The Roadblocks to Productizing AI at Scale
The hardest part isn’t building the algorithm— it’s embedding it into business workflows. Scaling AI requires a solid product architecture, clean data pipelines, user-centric design and seamless integration with both upstream and downstream systems. A key challenge in international markets is balancing standardization with localization, determining what can scale globally versus what must be tailored to specific commercial contexts. Change management is another hurdle. AI often disrupts legacy workflows and decision-making processes, so building trust and adoption is critical. At Novartis, we’ve addressed this by involving local activation teams early and prioritizing use cases with strong commercial sponsorship and clear, measurable KPIs. Our goal is to embed intelligence into commercial decision making to drive measurable impact. We operate with a product mindset, agile approach to development and maintain a laser focus on adoption and business outcomes.

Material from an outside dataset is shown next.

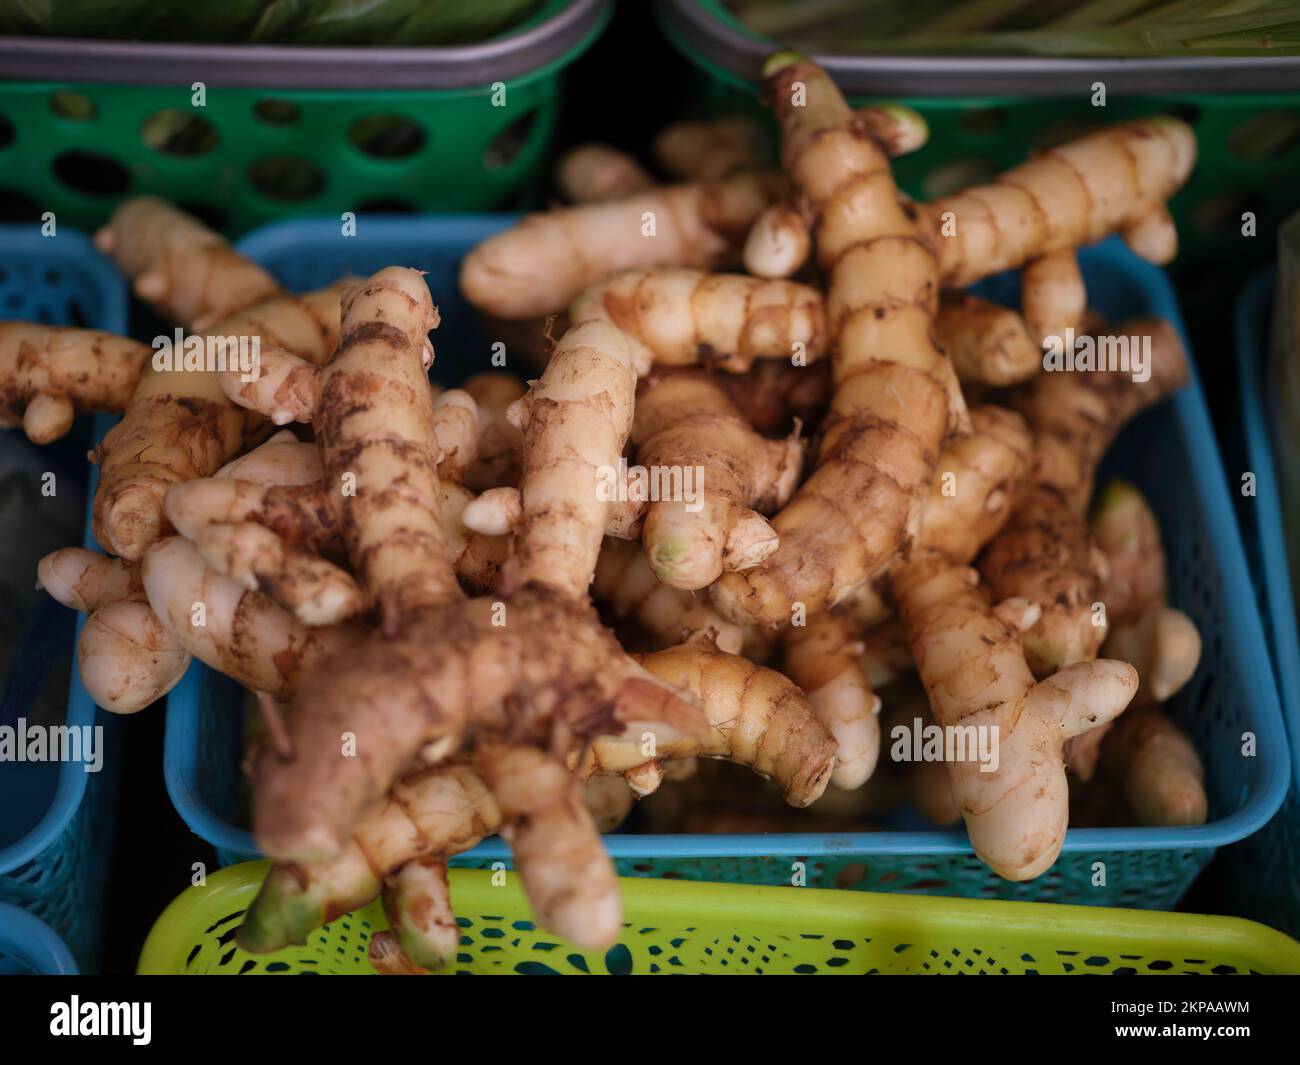 THAI market with various colorful fresh vegetables Stock Photo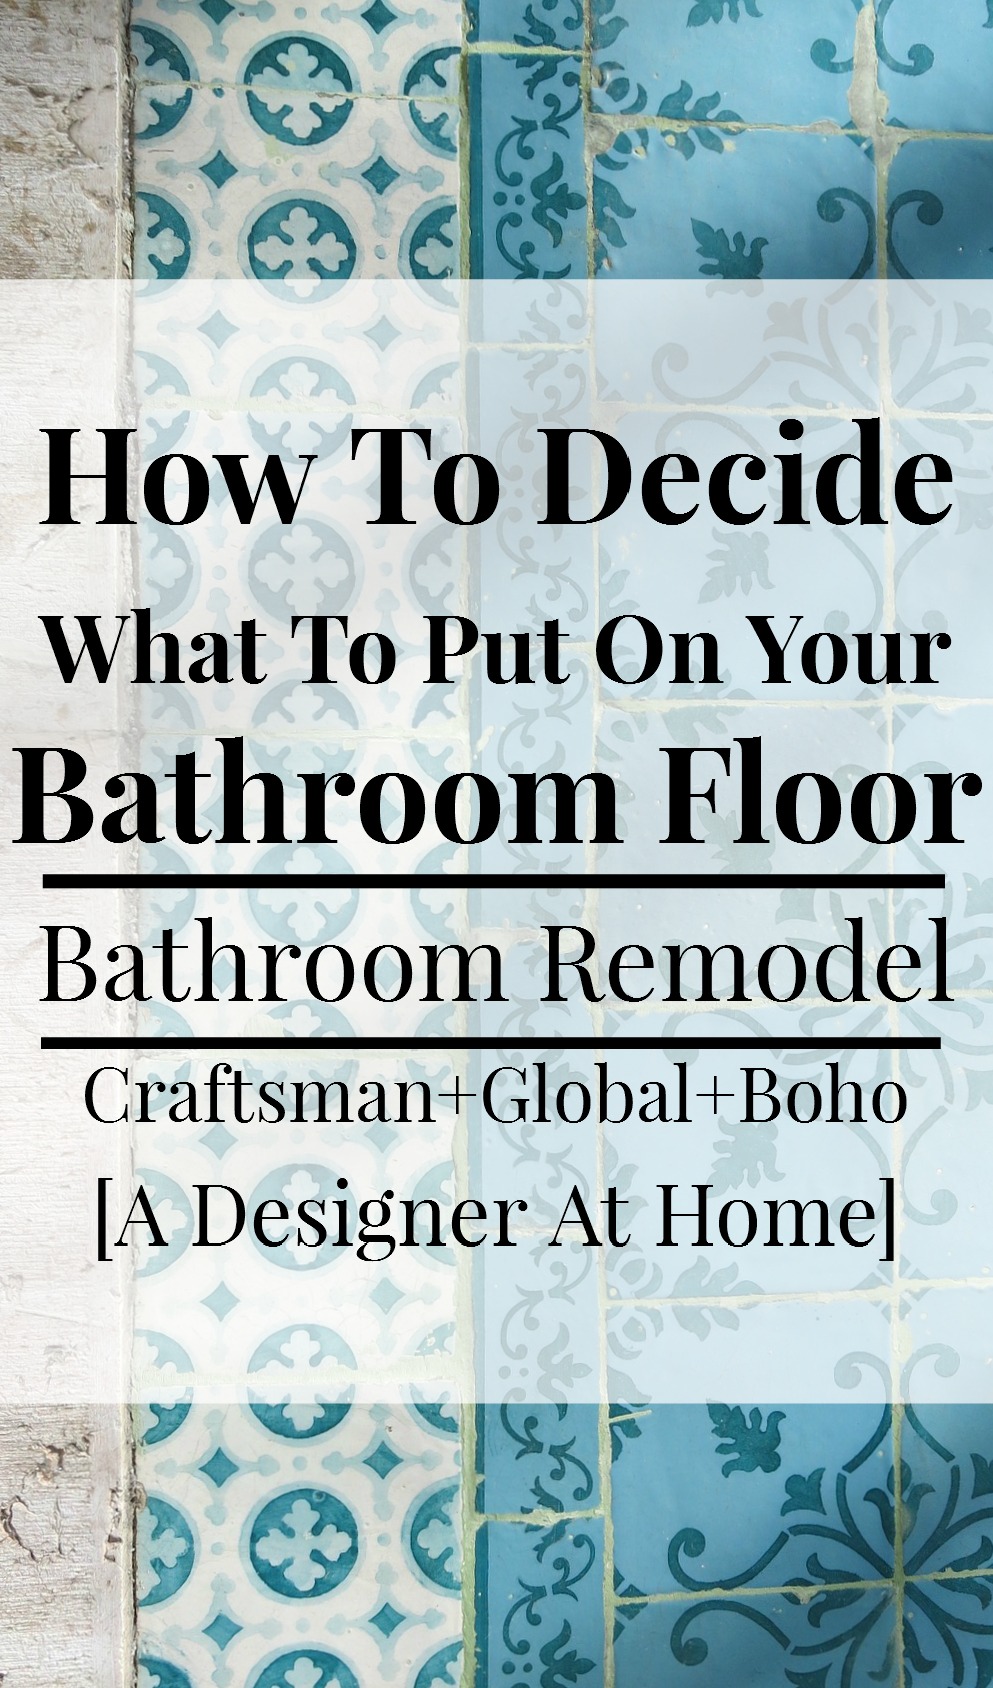 eally helpful insight into choosing which tiles to put on the bathroom floor

The Core Ingredients of a High-Impact AI Team
I look for people who can turn ambiguity into action, those who blend technical rigor with business acumen. The most effective team members are curious, pragmatic and highly collaborative. They are equally comfortable engaging with both technical and commercial leaders. Beyond skills, mindset is key. Building enterprise AI products is a marathon, not a sprint. We value resilience, accountability and the agility to pivot when needed. I also invest in cross-functional fluency. Roles like analytics translators are essential in bridging business needs with technical execution.
Our goal is to embed intelligence into commercial decision making to drive measurable impact.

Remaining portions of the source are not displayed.